If you have a will-centered estate plan that does not include a trust, the location of the original will is critical information that your executor must have. This is because a court will only accept the original will for purposes of opening a probate proceeding (the judicial proceeding in which a judge supervises the disposition of a person’s assets after they pass). If your executor does not know where to find the original of your will, a copy of your will may only be admitted as “probative evidence” of your wishes, but a court is not bound by its terms.
For some people, this may not be an issue, but, in cases in which there is the potential for discord among your heirs, not knowing the location of the original of your will can create a huge headache.
A good illustration of the problems caused by not telling someone where to find your will occurred in the estate of the famous Olympic sprinter, Florence "FloJo" Griffith Joyner.
When Ms. Joyner died unexpectedly at the age of 28, she had not told anyone where to find her original will.
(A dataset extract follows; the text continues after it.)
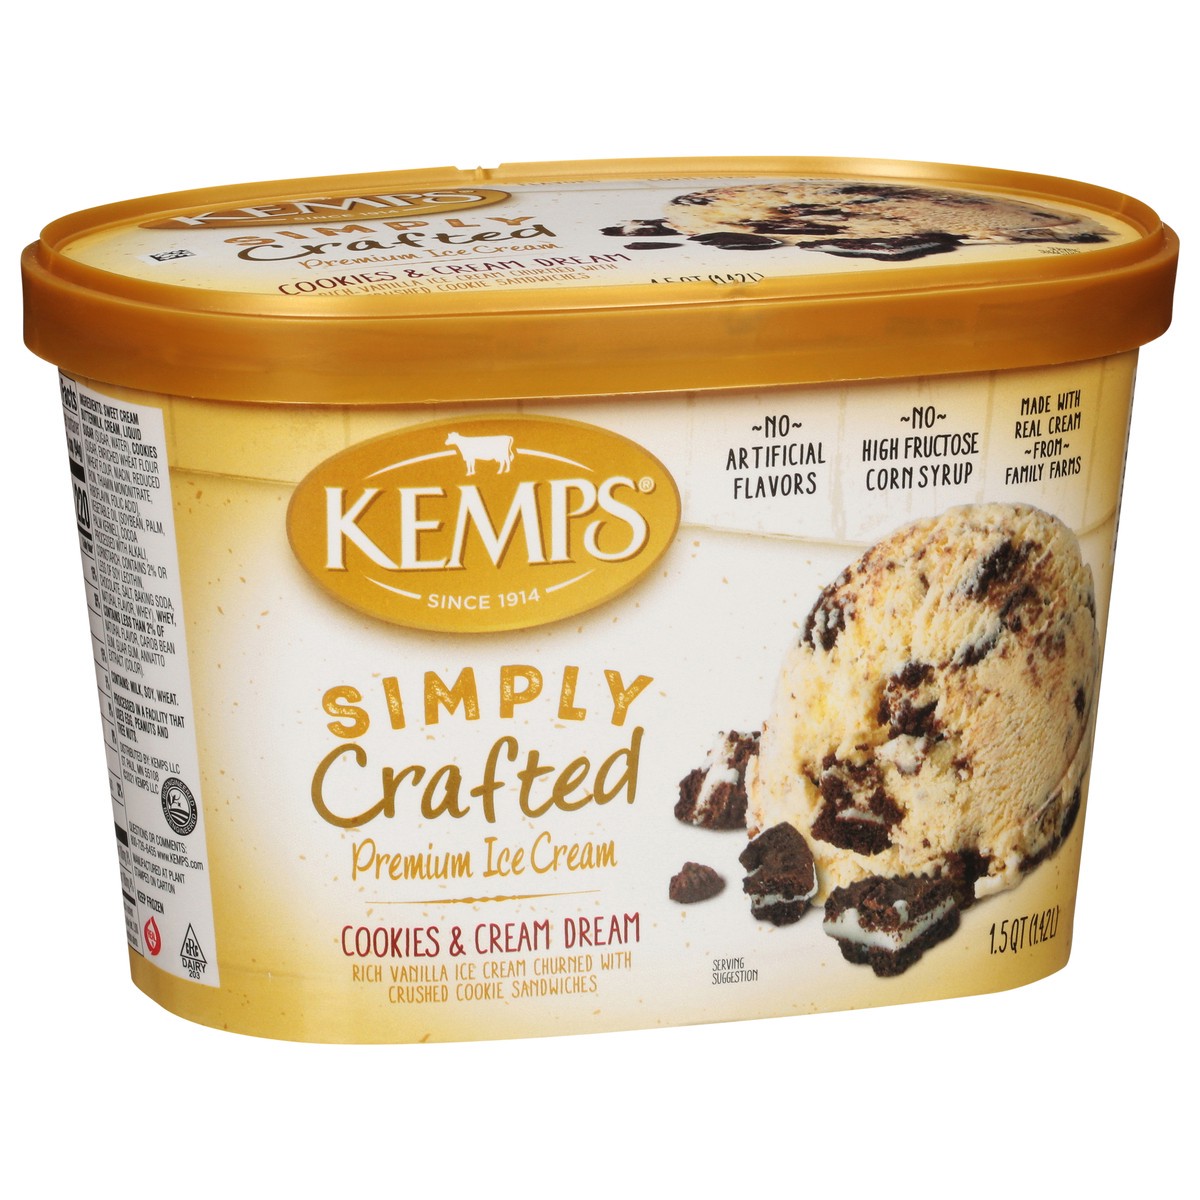 slide 2 of 9, Kemps Cookies & Creme Simply Crafted Ice Cream, 1.5 qt

This proved a significant issue when Ms. Joyner’s mother claimed that Ms. Joyner promised that she could live in Ms. Joyner’s house until she died. Ms. Joyner’s husband disputed his mother-in-law’s claim, and the case wound up in court. Hundreds of thousand of dollars in legal fees could have been avoided had Ms. Joyner told someone where to find her will.
The moral of the story is make sure at least a couple of different trusted friends or family know where to find your original estate plan documents.